Start of Block

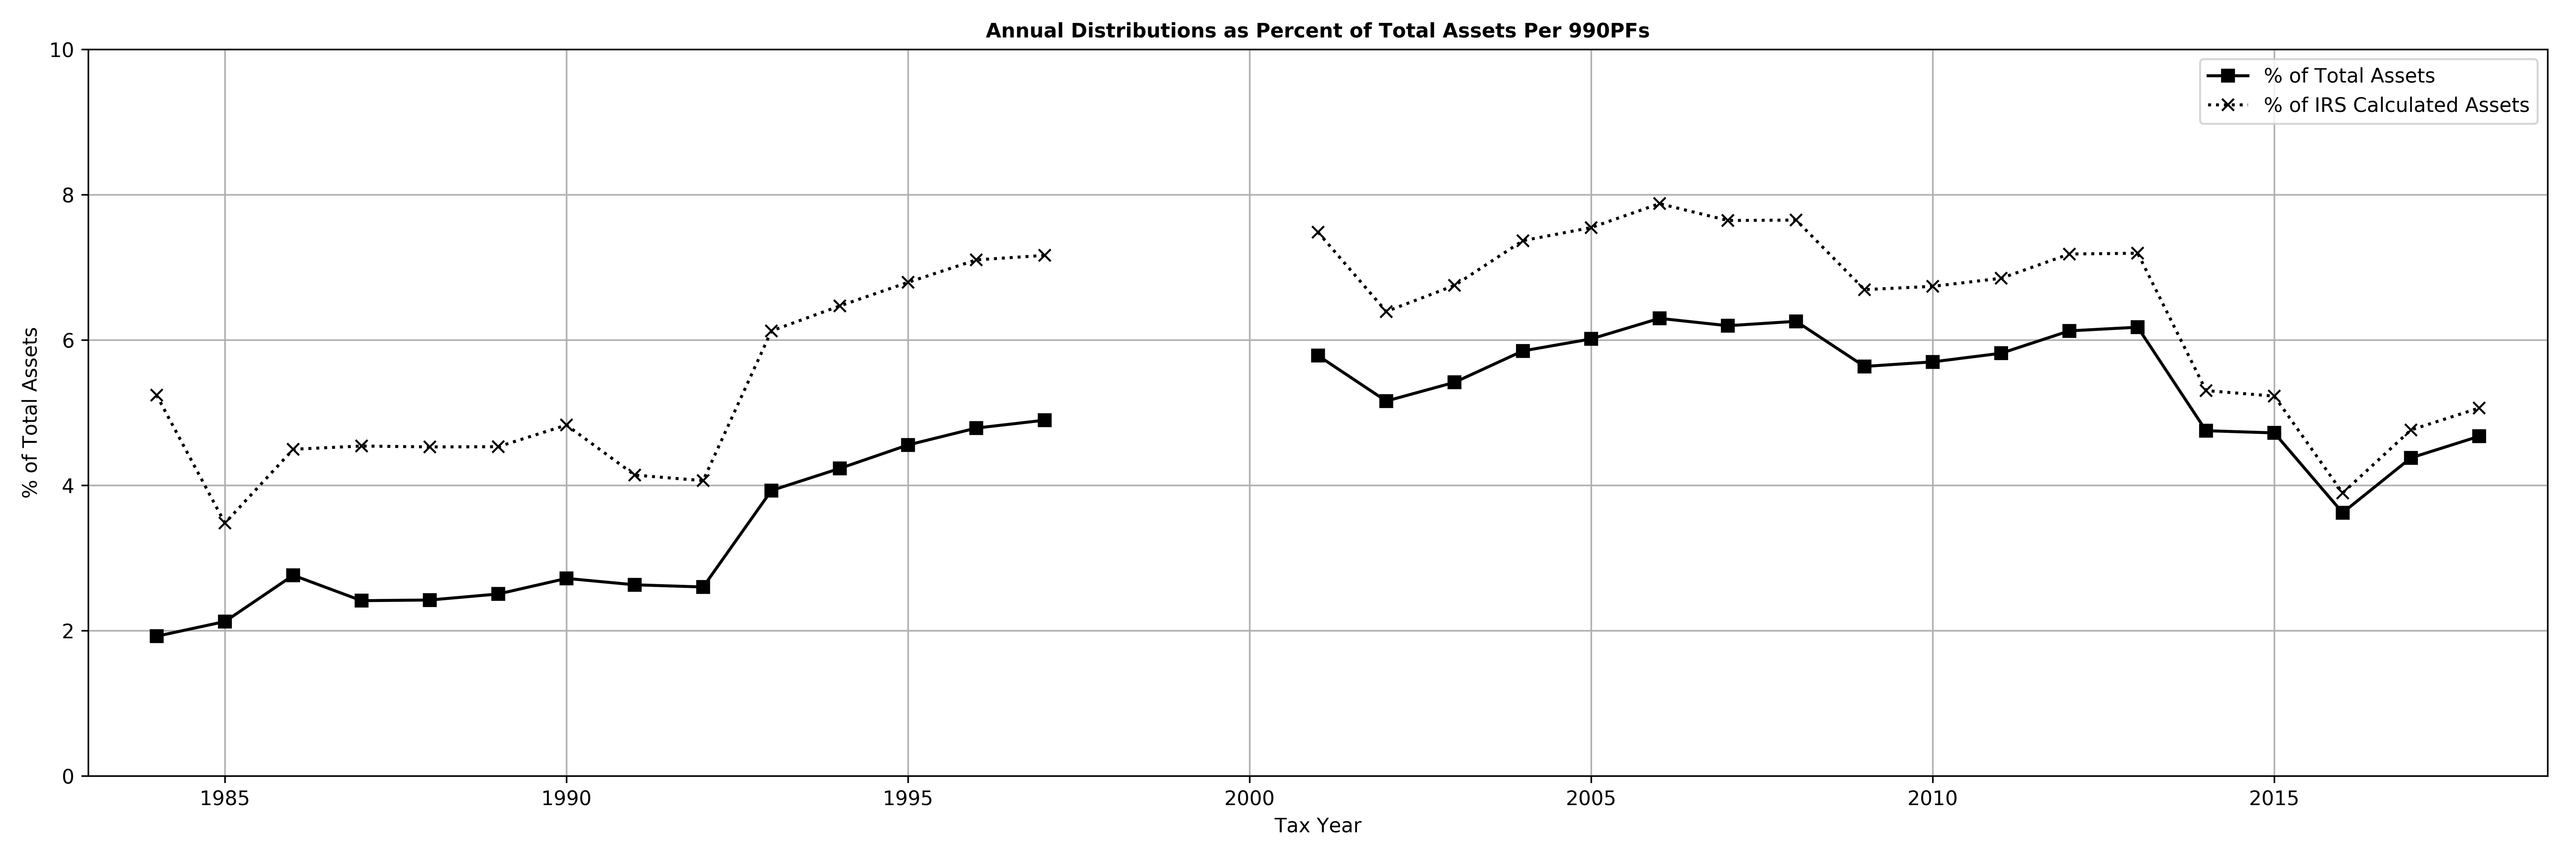 IRS Calculated Distributions as Percent of Assets
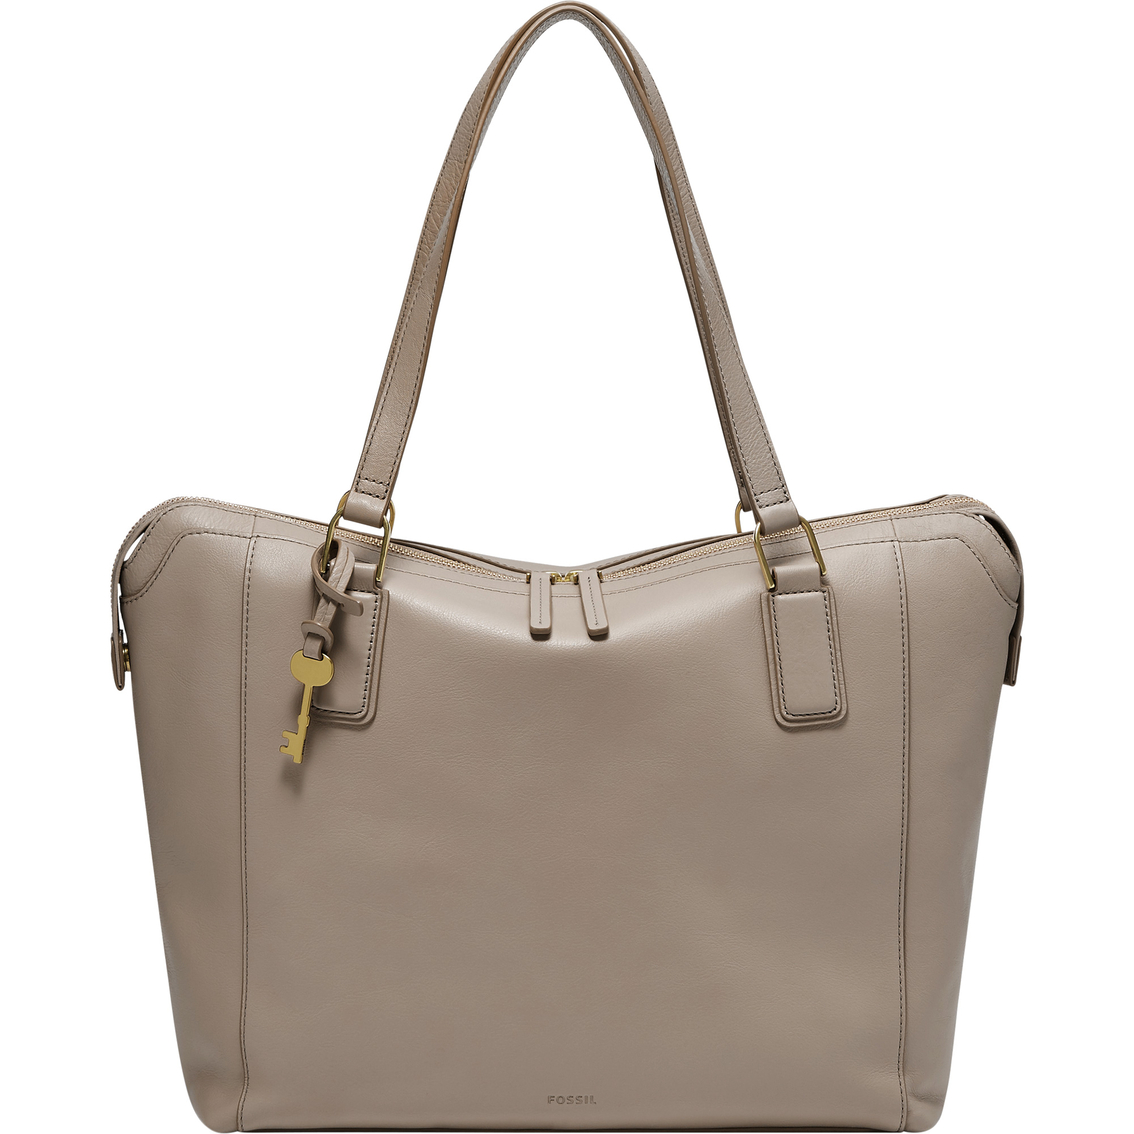 Fossil Jacqueline Leather Tote Bag | Totes & Shoppers | Clothing ...
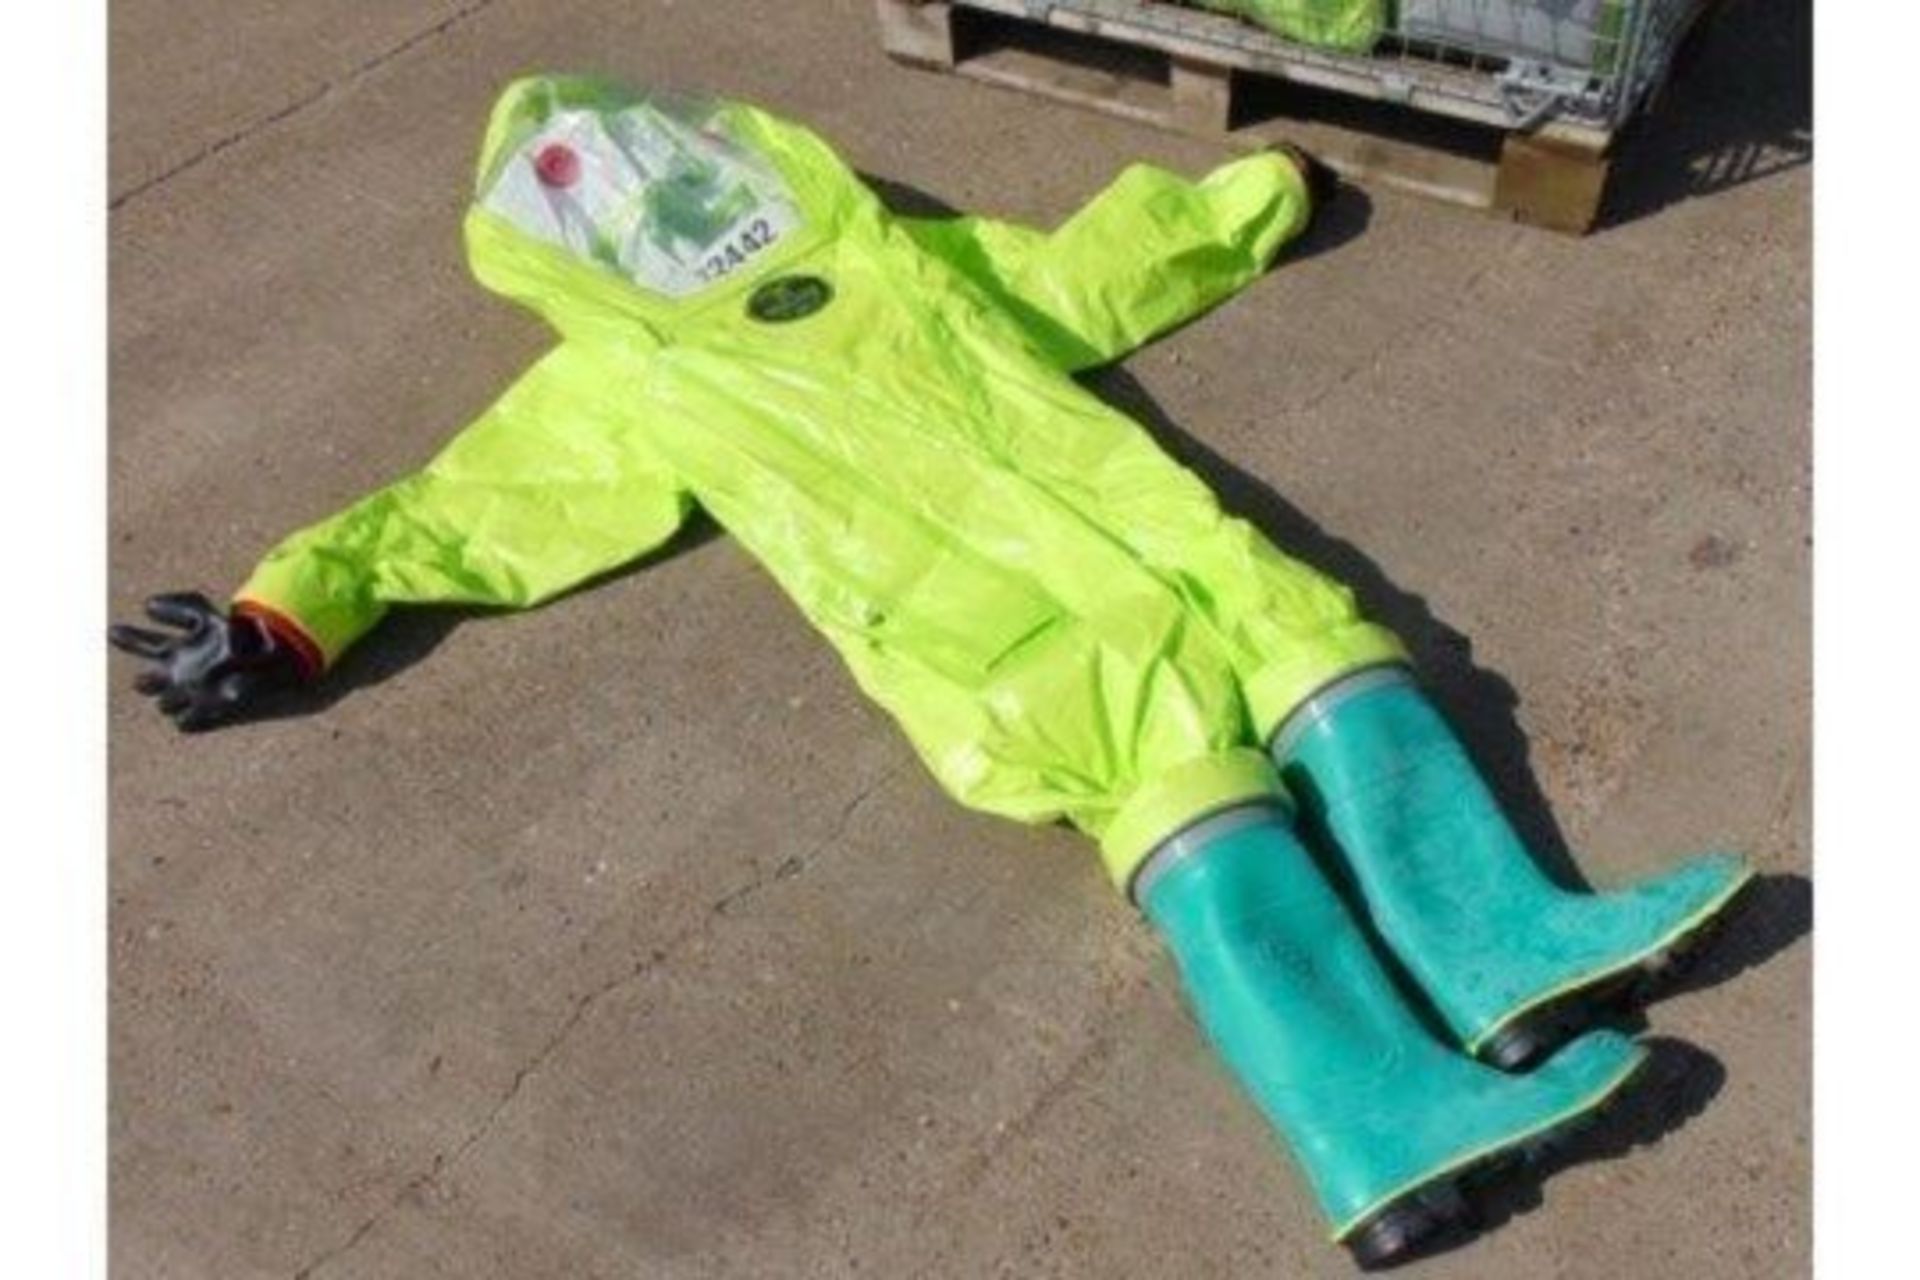 10 x Respirex Tychem TK Gas-Tight Hazmat Suit Type 1A with Attached Boots and Gloves. - Image 4 of 10
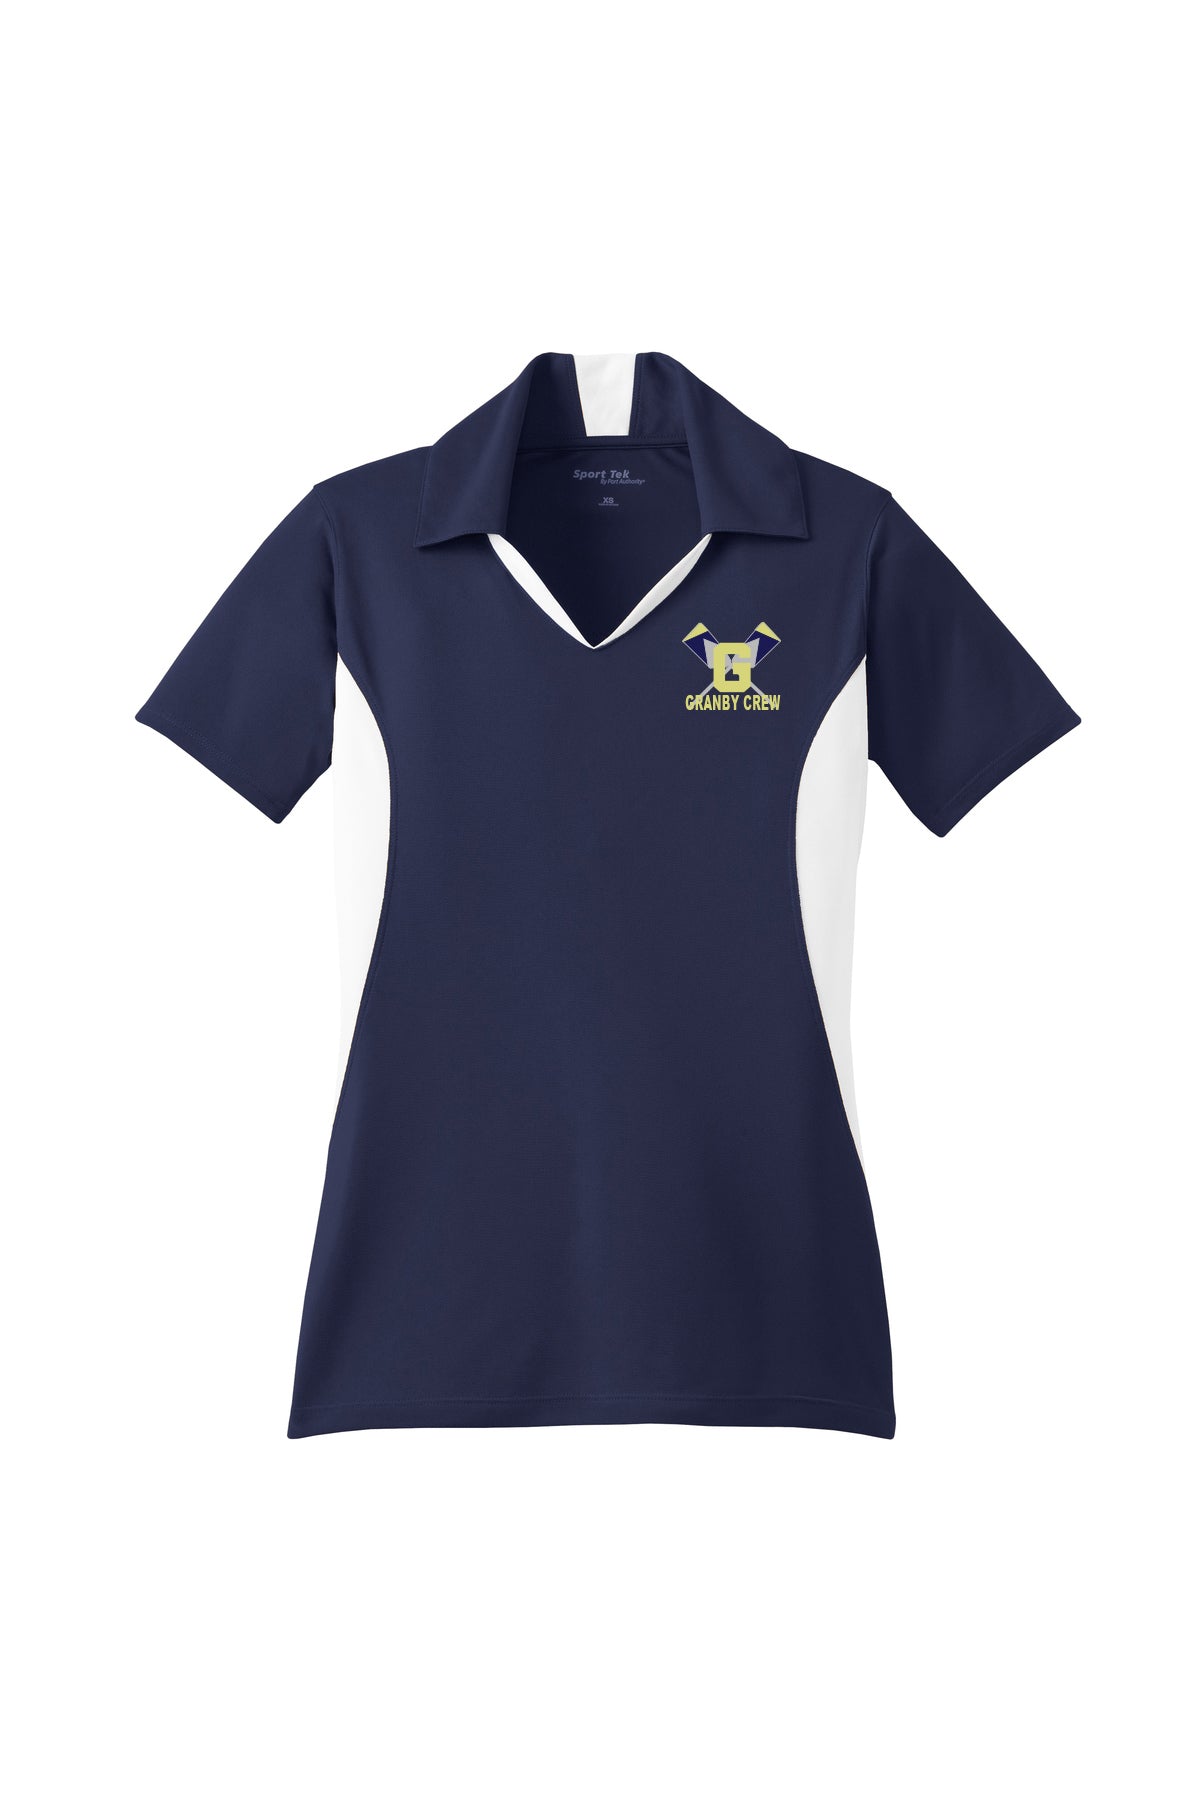 Granby Crew Embroidered Performance Ladies Polo

End of Block

Copy the material above exactly and drop the pictures.

 IRS Calculated Distributions as Percent of Assets
 Fossil Jacqueline Leather Tote Bag | Totes & Shoppers | Clothing ...
 10 x Respirex Tychem TK Gas-Tight Hazmat Suit Type 1A with Attached Boots and Gloves. - Image 4 of 10
 Granby Crew Embroidered Performance Ladies Polo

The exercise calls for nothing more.